What the task asks |
Repeat the entries that follow verbatim, without any of their pictures.

Data in this exercise |
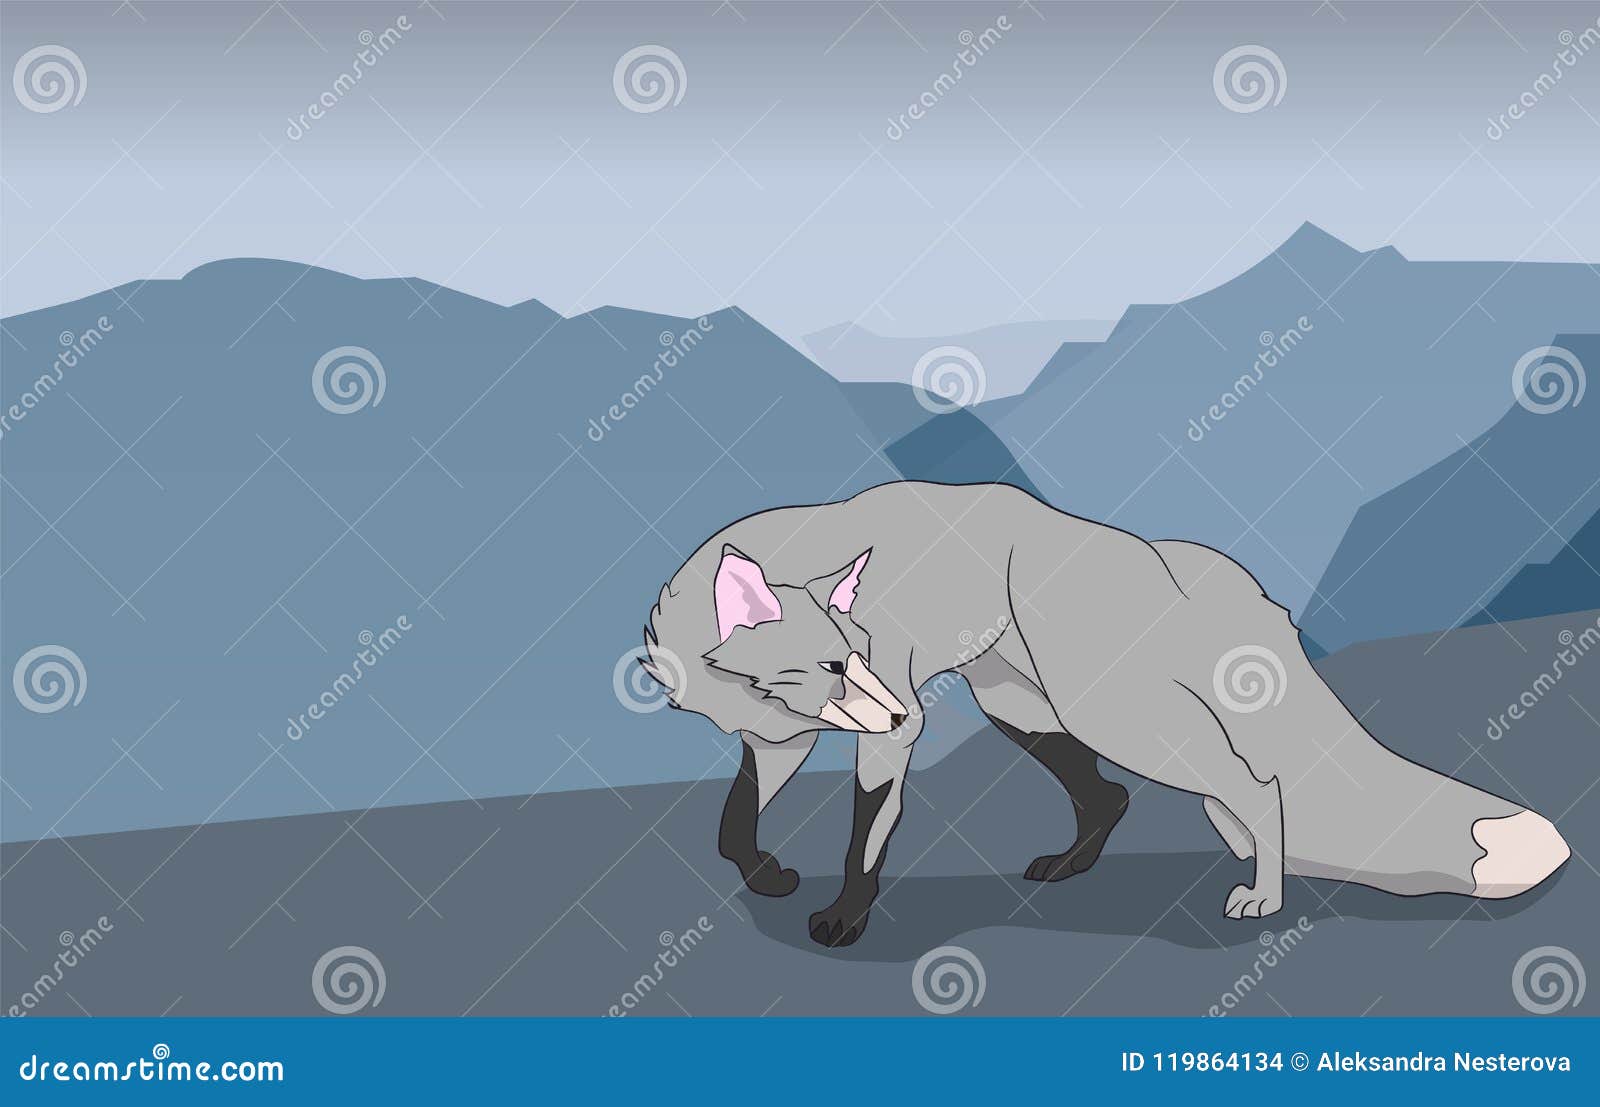 Fox on a Background of Mountains, Stock Vector - Illustration of design ...
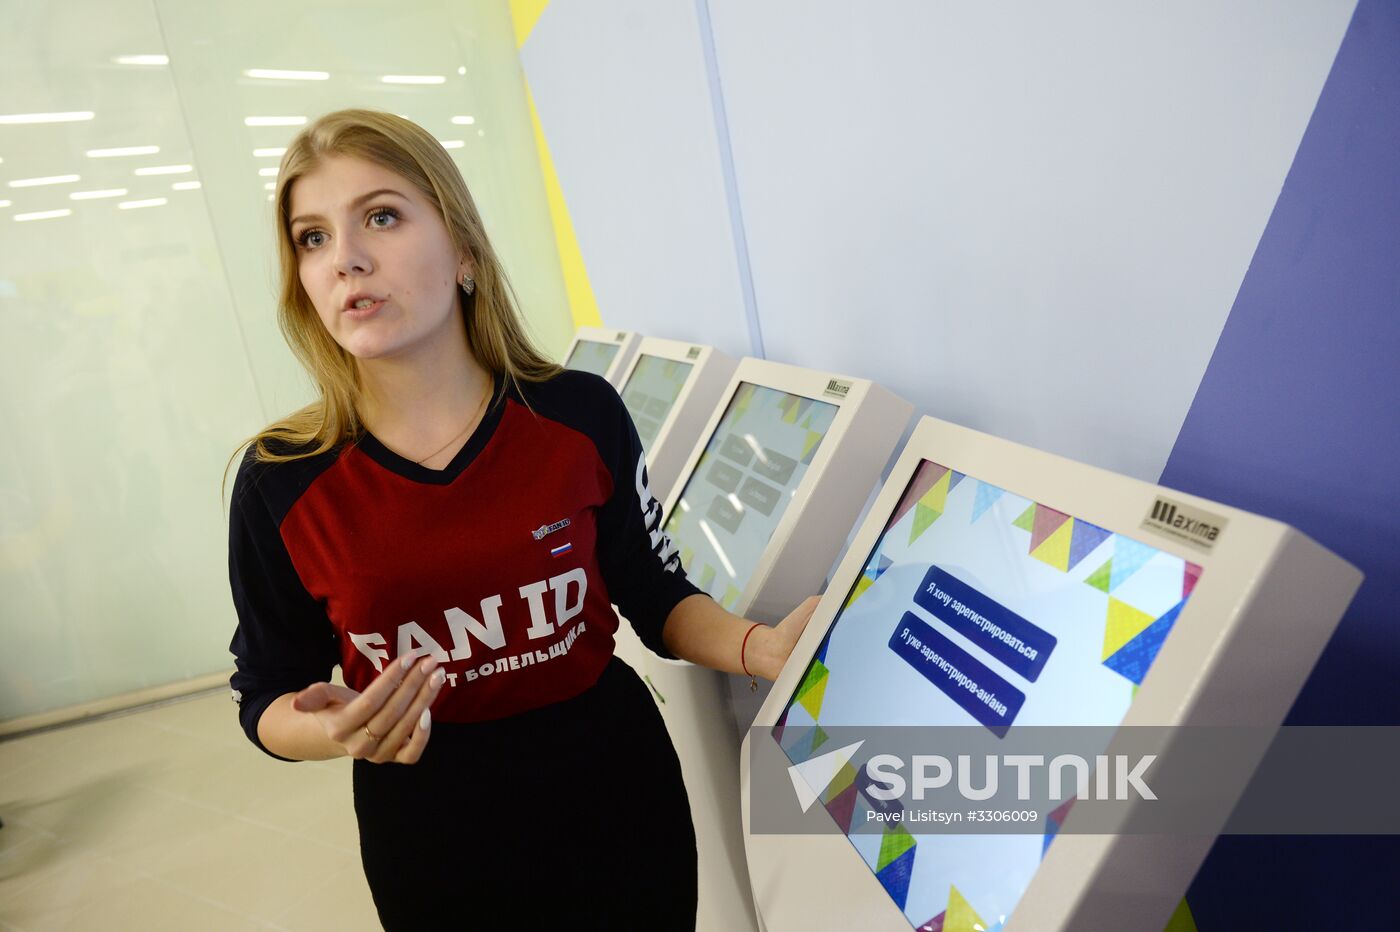 2018 FIFA World Cup FAN ID distribution center opens in Yekaterinburg
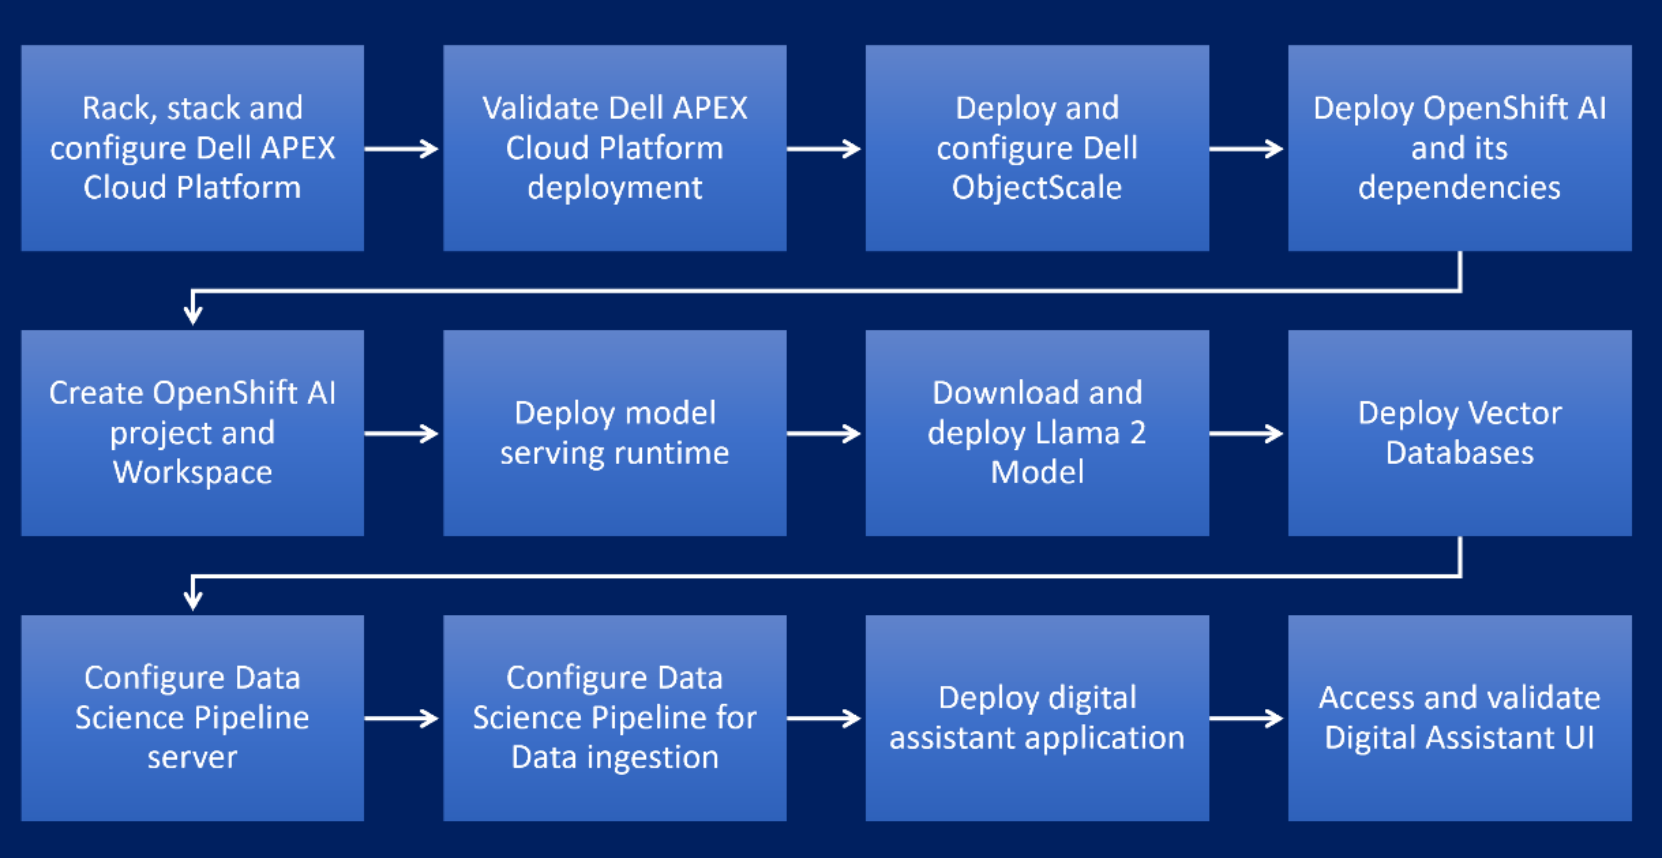 This is a flow diagram describes the digital assistant deployment steps from configuring Dell APEX Cloud Platform to accessing the digital assistant user interface.
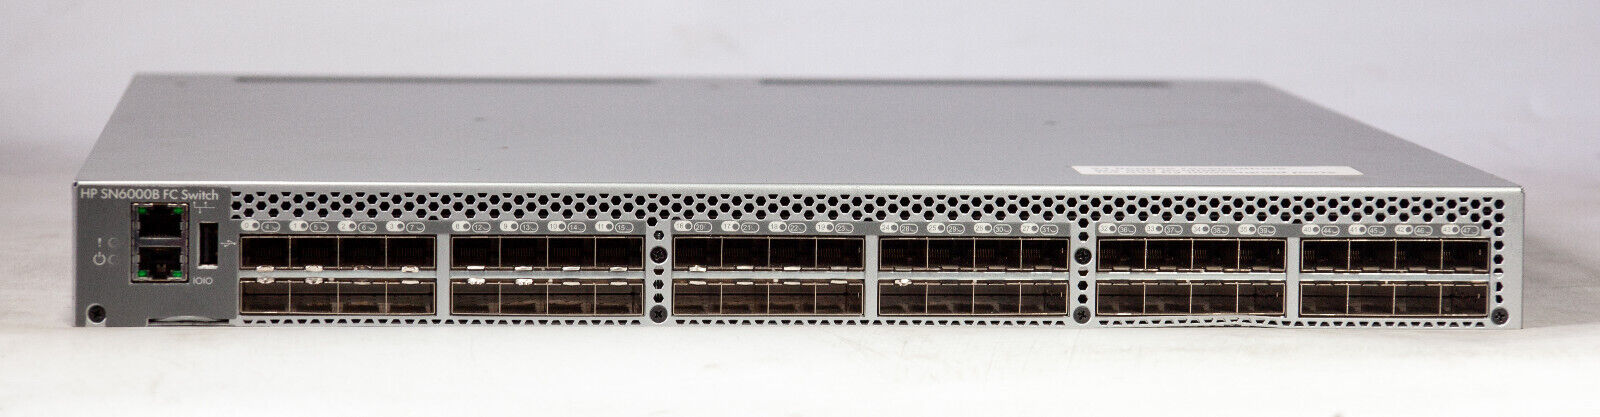 HP SN6000B 16GB 48-P  FIBRE CHANNEL SWITCH - 24 license reservations
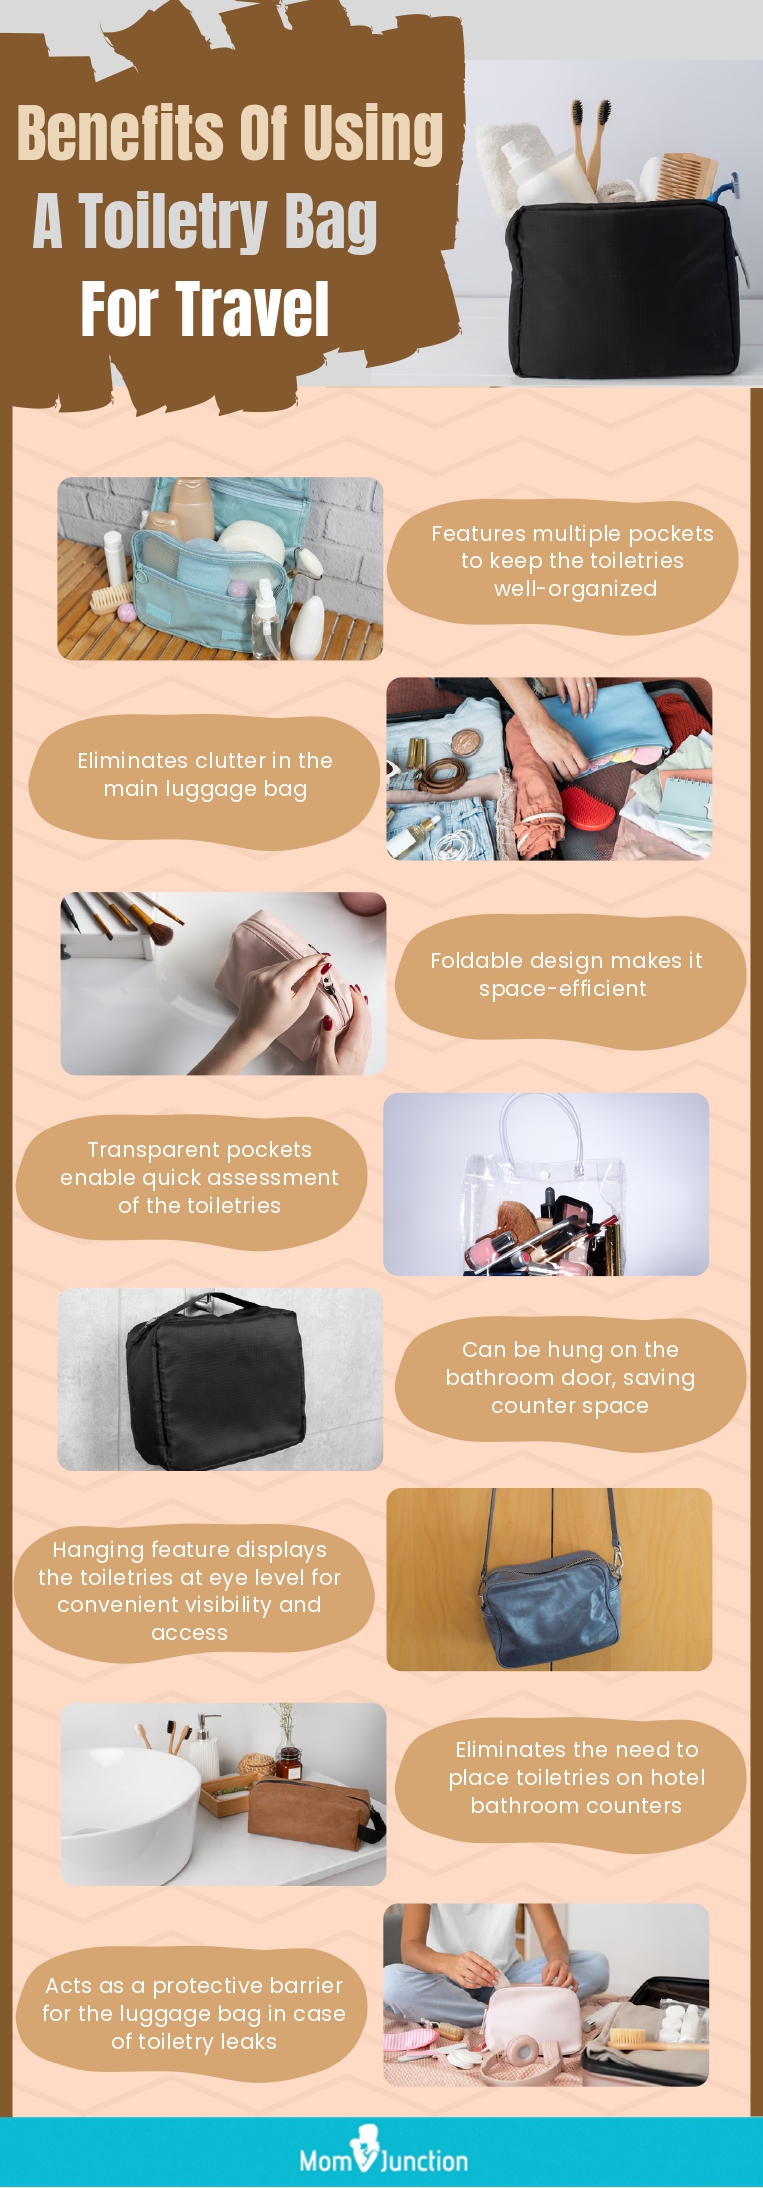 Benefits Of Using A Toiletry Bag For Travel (infographic)

Completed task |
 Fox on a Background of Mountains, Stock Vector - Illustration of design ...
 2018 FIFA World Cup FAN ID distribution center opens in Yekaterinburg
 This is a flow diagram describes the digital assistant deployment steps from configuring Dell APEX Cloud Platform to accessing the digital assistant user interface.
 HP SN6000B 16GB 48-P  FIBRE CHANNEL SWITCH - 24 license reservations
 Benefits Of Using A Toiletry Bag For Travel (infographic)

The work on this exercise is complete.